Doctor Who S2 E9 ‘The Satan Pit’ (2006)
Thanks to notashamedofthegospel.com for having splayed the sentiment I intend to discuss so artfully across a background. |
Christianity: religion or
relationship? I expect you’ve come across the debate. I think I probably first
encountered it at Soul Survivor, with Mike Pilivachi determinedly advocating
the latter viewpoint1 – as, indeed, many Christians seem to. ‘Religion’
as a term conjures up images of rules and rituals and authorities that don’t sit at all well with the universal grace offered by the gospel. On the other
hand, it’s nigh on impossible to argue that Christianity cannot be categorised
under any dictionary definition of ‘religion’:
1) Belief in, worship of, or obedience to a supernatural
power or powers considered to be divine or to have control of human destiny
2) Any formal or institutionalised expression of such belief
3) The attitude and feeling of one who believes in a
transcendent controlling power or powers2
There are more, but don’t all the
above sound suspiciously as if they apply to Christianity? And if denying
Christianity’s status as a religion is so clearly untenable, what do people
like Mike Pilivachi mean when they do so? I reckon the debate can be resolved
something like this: Christianity is both a religion and a relationship – but Christianity
the religion can’t save you, while Christianity the relationship can.

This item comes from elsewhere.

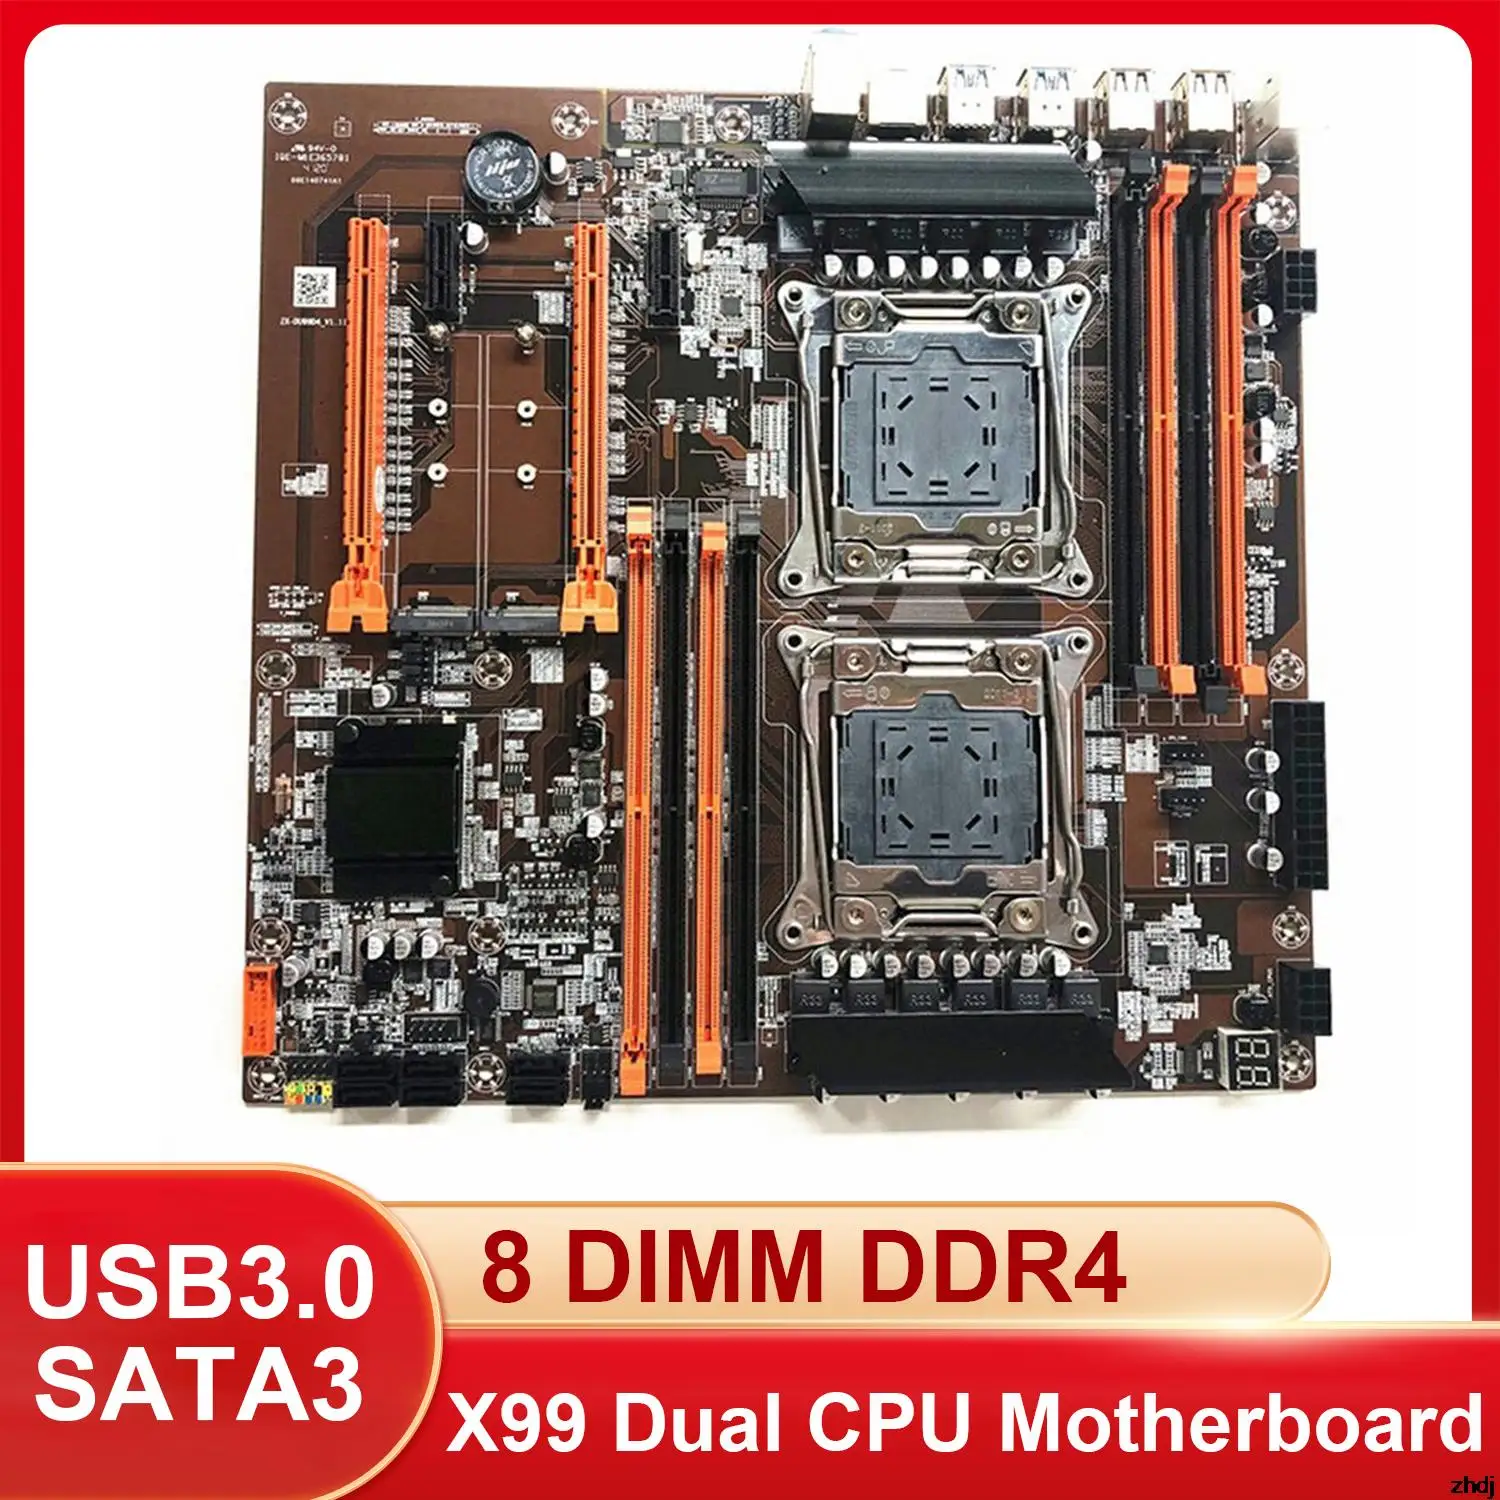 

X99 Dual CPU Motherboard LGA 2011 v3 With Dual M.2 Slot 8 DIMM DDR4 E-ATX USB3.0 SATA3 With Dual Xeon Processor 4 PCIE Mainboard

“You believe that God is one; you do
well. Even the demons believe – and shudder!” James 2:193
Most of us, I would think, would
happily agree that it’s perfectly possible to outwardly behave like a
Christian – church attendance and charity and ticking the relevant box in the
religious-beliefs section of the census – without actually having a
relationship with Christ. James, however, goes one step further: it’s perfectly
possible to believe Christian doctrine without actually having a
relationship with Christ.
Hold on a second, you exclaim. Doesn’t
it say in the one Bible verse everyone can cite and recite that “whoever
believes in [Jesus] should not perish but have eternal life”?4 Indeed
it does, O Most Alert Reader. The only plausible conclusion is that there are
two different kinds of belief going on here. Even though the same Greek verb – πιστεύω (pisteúō) – is translated as ‘believe’ in both
verses, it can as easily be rendered ‘trust’ or ‘put faith in’,5
which I think sheds a bit of a different light on our familiar favourite John
3:16. It’s not enough to believe in Jesus the way one might believe in, say,
global warming, namely a mere acknowledgement of the existence of the thing in
question; as James notes, even the demons do that. One must, rather, believe in
him as an act of trust. Think of that dramatic climax of the Doctor Who two-parter
I quoted above; the Doctor is saying nothing so bland as that he accepts Rose’s
existence as a fact, but rather, boldly and devotedly, that he has faith in her
character and abilities. Of course, recognising the fact of Rose’s existence is
a prerequisite for placing such faith in her, but it does not, by itself,
constitute this faith.
In the same way,
some element of ‘religion’, in terms of believing in God – that first of the definitions above – is a prerequisite for
a trusting relationship with him. That said, it is the trusting relationship,
and not the religious belief, as James makes clear, that brings one into
eternal life, hence the whole ‘Christianity is not a religion’ argument. What
God offers us is not a worldview with which we might comfort ourselves, but his
very own self, as one in whom we might place our faith with total security, as
in the closest of friends. I was so struck by this concept, in fact, that I
wrote a poem about it, which I have included below in case you should feel at
all inclined to read it.6
I worship no philosophy,
No clever ideology.
No cause or claim possesses me.
No principle impresses me.
O Argument, O Theory,
O Purpose, can you hear me?
And, when my heart
Just falls apart,
Then can you love me dearly?
And can you know me utterly?
And never once give up on me?
And fight with me? And cry with me?
Can you lose all and die for me?
And would you even try for me?
I worship no morality,
No doctrine, rationale, or creed,
No notion of humanity:
That’s what we call idolatry,
And idols stand there, silently,
Despite the pleas of devotees
Who worship what
Their skills begot
And not the one who gave them these.
Well, some great comfort may it be
In darkness, filth, and misery
Recounting all those grand ideals
Who cannot fathom how it feels:
My God, who can, is very real.
Footnotes
1 Soul Survivor is a Christian youth festival that takes
place each summer in Staffordshire and Somerset – http://soulsurvivor.com/ – and Mike
Pilivachi is one of its co-founders.
2 Thanks to the Collins English Dictionary on dictionary.com:
http://dictionary.reference.com/browse/religion?s=t.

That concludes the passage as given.